Abstract the agent configuration behind an interface that accepts a provider parameter. For critical workloads, implement a fallback wrapper that catches OpenAI API errors and redirects to an Azure OpenAI deployment or OpenAI-compatible alternative. Document the provider migration path in your runbook and test it periodically — a provider failover that has never been rehearsed will not work under pressure.

Overall Assessment

The OpenAI Agents SDK has the strongest native PSF Domain 6 (Human Oversight) support we have assessed — its interrupt and handoff primitives are production-grade mechanisms that other frameworks approximate with workarounds. Output validation (D2) and Observability (D4) are also strong.
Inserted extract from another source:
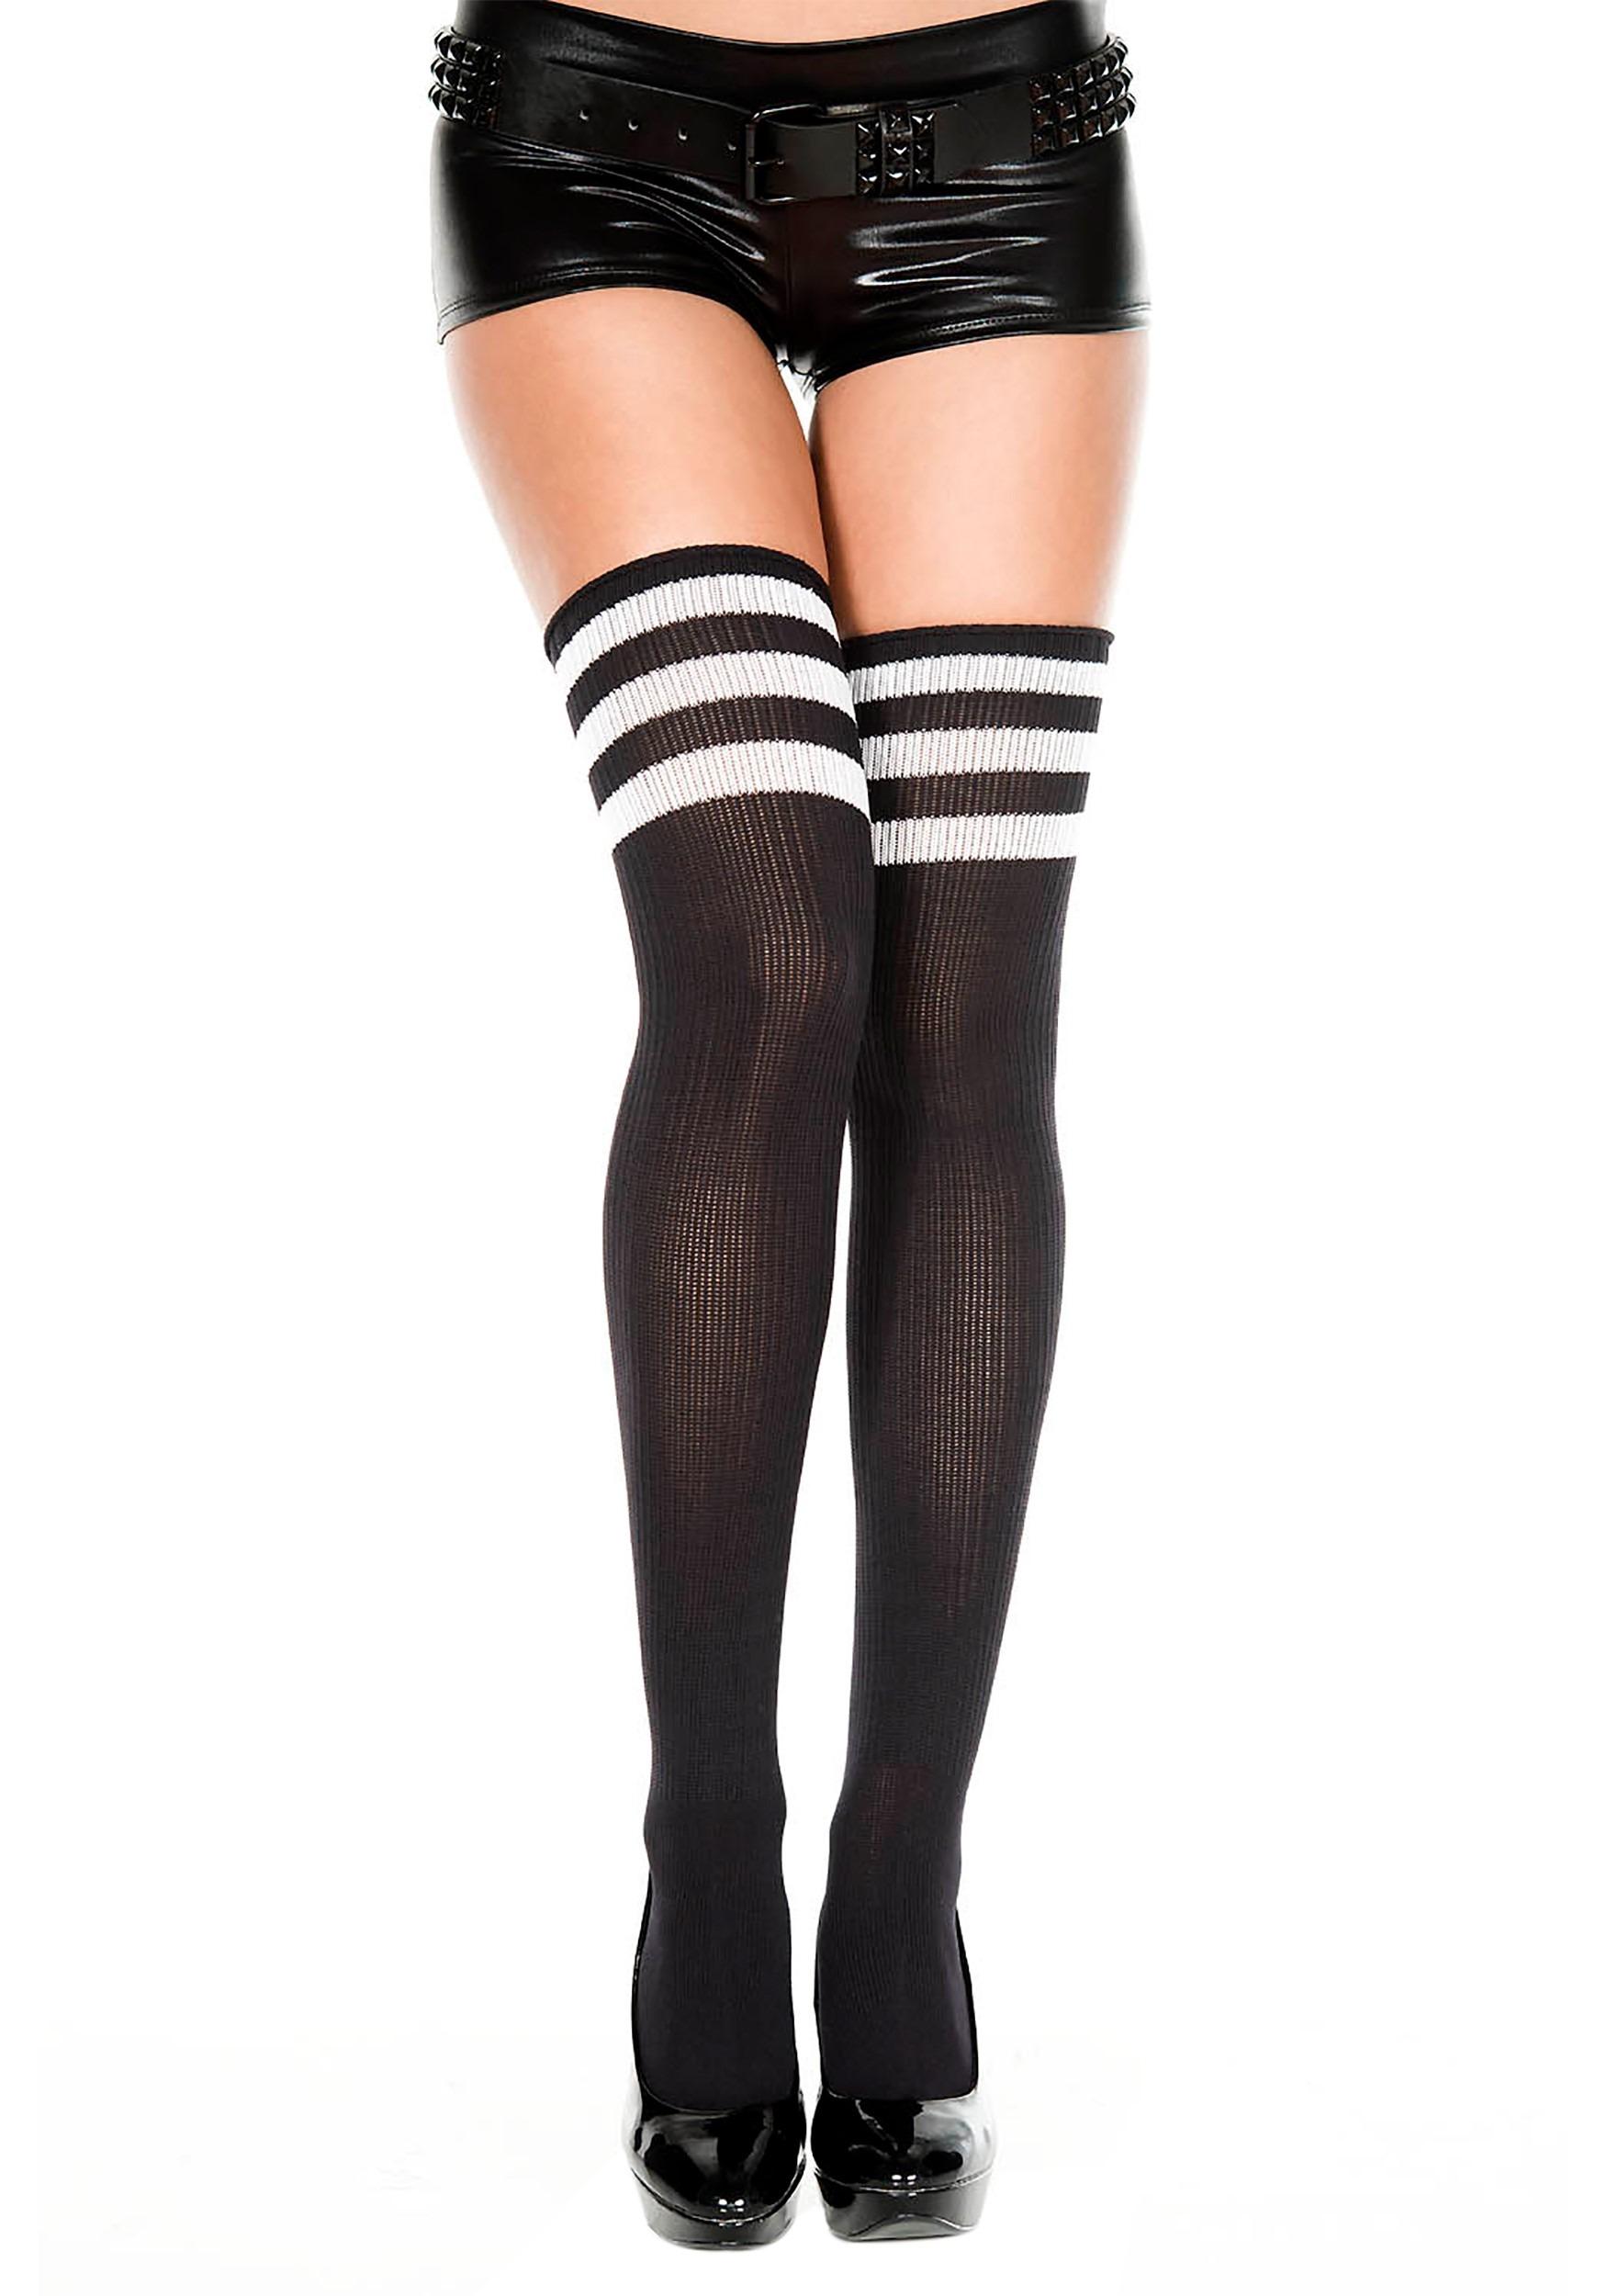 Black Stockings Suspenders Hd

The primary concerns for enterprise deployment are vendor lock-in (D8) and data protection (D3), both of which require explicit architectural decisions before production deployment.

For organisations already committed to the OpenAI ecosystem, this is the most production-ready agent framework available. For organisations with multi-provider requirements or regulated data constraints, the vendor coupling and data residency profile warrant careful evaluation against alternatives.